Project 13: Max Ernst – Frottage experiments

Inspired by my research into frottage a technique Max Ernst became well known for, I experimented with making my own ‘rubbings’ of textures and objects around my home. This was in the hope of inspiring ideas or concepts for the combination print of this project.

I let myself be quite free with what I used as a surface to rub, just to try and be a bit more experimental.

Frottage - from page 4 of A4 sketchbook

Frottage – from page 4 of A4 sketchbook

In the rubbing in the above photo I took rubbings from wallpaper, a book cover, a felt photo frame, a lamp with windows  and a CD speaker. I liked the fan shaped rubbing from a wallpaper and wanted to take that a bit further in a latter rubbing (see page 7 of A4 Sketchbook).

Frottage from page 5 of A4 sketchbook

Frottage from page 5 of A4 sketchbook

The rubbings above were all wood based, from ¬†photo frames, bench hooks and a door. I think it’s the knot detail in the wood that adds a possible element that could be combined or used to look like something else in an different rubbing.

Frottage from page 6 of A4 sketchbook

Frottage from page 6 of A4 sketchbook

Page 6 of the A4 sketchbook contains rubbing of lettering found around my home, two are taken from glass bottles found in bottle dumps, the other two are from book covers which had raised text. I really like the look of the ‘Coventry’ text.

Frottage from page 7 of A4 sketchbook

Frottage from page 7 of A4 sketchbook

Page 7 of the sketchbook was a little bit of experimentation combining two different surfaces. I combined the fan based wallpaper that I liked with a rubbing of the numbers on my front door. I think it’s interesting but could do with more, maybe lots of the numbers across the page either in a pattern of their own or layered ontop each other, maybe in different colours.

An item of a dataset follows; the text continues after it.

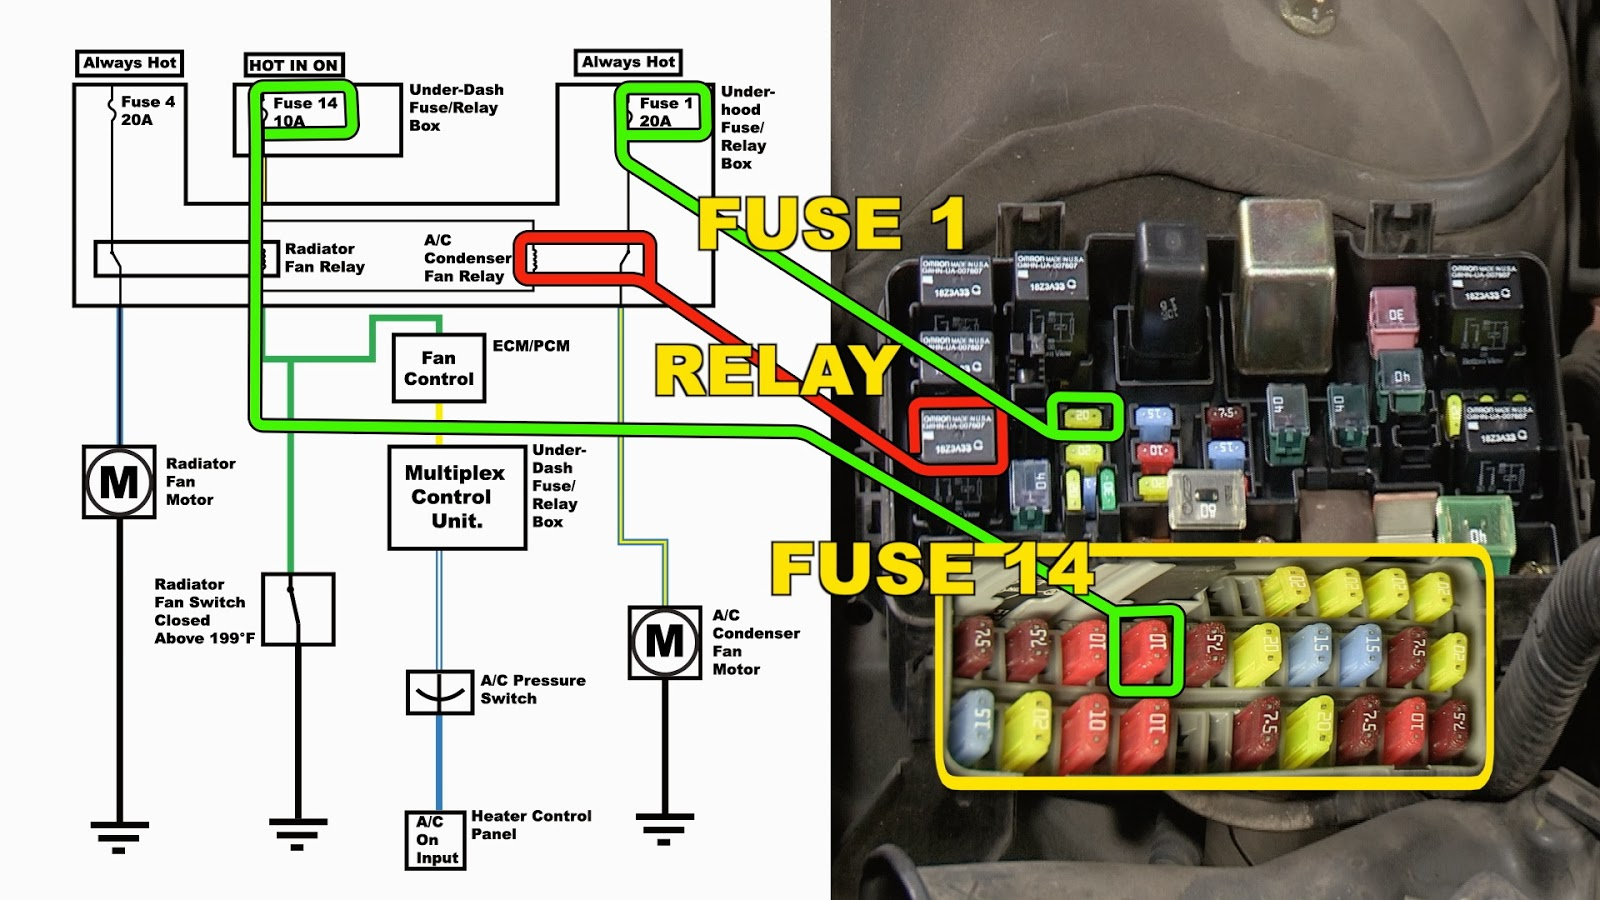 2004 Civic Relay Diagram Schematics Wiring Diagrams Honda 5 Pin Fuse Box Relays Suzuki Aerio Symbols

Frottage from page 8 of A4 sketchbook

Frottage from page 8 of A4 sketchbook

The photo above shows rubbings of a collection of natural objects, leaves, flower petals, a feather. I found these a little trickier to take rubbings of as they moved much more easily and I found that a bit frustrating.

Frottage from page 9 of A4 sketchbook

Frottage from page 9 of A4 sketchbook

I tried to focus on smaller objects in the frottage above, taking rubbings of wall sockets, nails, screws, the front door lock, the front door key, a zip, a button. I wasn’t really thinking about composition here just findings objects and taking rubbings.

Frottage from page 10 of A4 sketchbook

Frottage from page 10 of A4 sketchbook

I decided to try and make an arrangement like Max Ernst of different objects to rub to make an overall piece. This wasn’t a very coherent attempt, but I was trying to use man made objects (the fan wallpaper and another wallpaper) alongside natural objects (leaves, grass) to create a sort of garden picture. It turned out pretty messy but that’sokay for an experiment.

Frottage from page 11 of A4 sketchbook

Frottage from page 11 of A4 sketchbook

After trying to combine man made objects and natural to create a scene I wondered if i should try combining different natural objects. I found some pressed leaves in a blotting paper book and thought that could look like different trees in a forest if arranged next to each other. I’m not sure if it works that well but it was fun to try.

Frottage from pages 12 & 13 of A4 sketchbook

Frottage from pages 12 & 13 of A4 sketchbook

I tried to work on the idea from the previous frottage with the pressed leaves again on page 12 of the sketchbook. I think it didn’t really work successfully as there was too much background pencil marks. I suppose I could clean them up with an eraser but that seems a bit like cheating? Page 13 is just a rubbing of the front door mat, I liked the pattern and how it’s softly come out in the rubbing process.

Frottage from page 14 of A4 sketchbook

Frottage from page 14 of A4 sketchbook

Before ending my experiments with the frottage technique I wanted to try adding some colour to a test rubbing. I thought this would work well with the wooden bench hooks as I might be able to isolate the colour to just the knots in the wood. This did work to some extent but I found using a pencil that wasn’t as heavily graphite based gave a weak resulting mark on the paper.

Page 15 of A4 sketchbook

Page 15 of A4 sketchbook

Having done a fair amount of rubbings I began to think about it as a concept. I was thinking of the phrase ‘feels like home’ and thought I could find some way to create a form of mono prints that had textures from or like ones in my home and then create a lino print on top that referenced the outside of my home/it’s physical appearance. This sparked me beginning to do some sketches of the outside of my home and design ideas. More to follow in a specific post.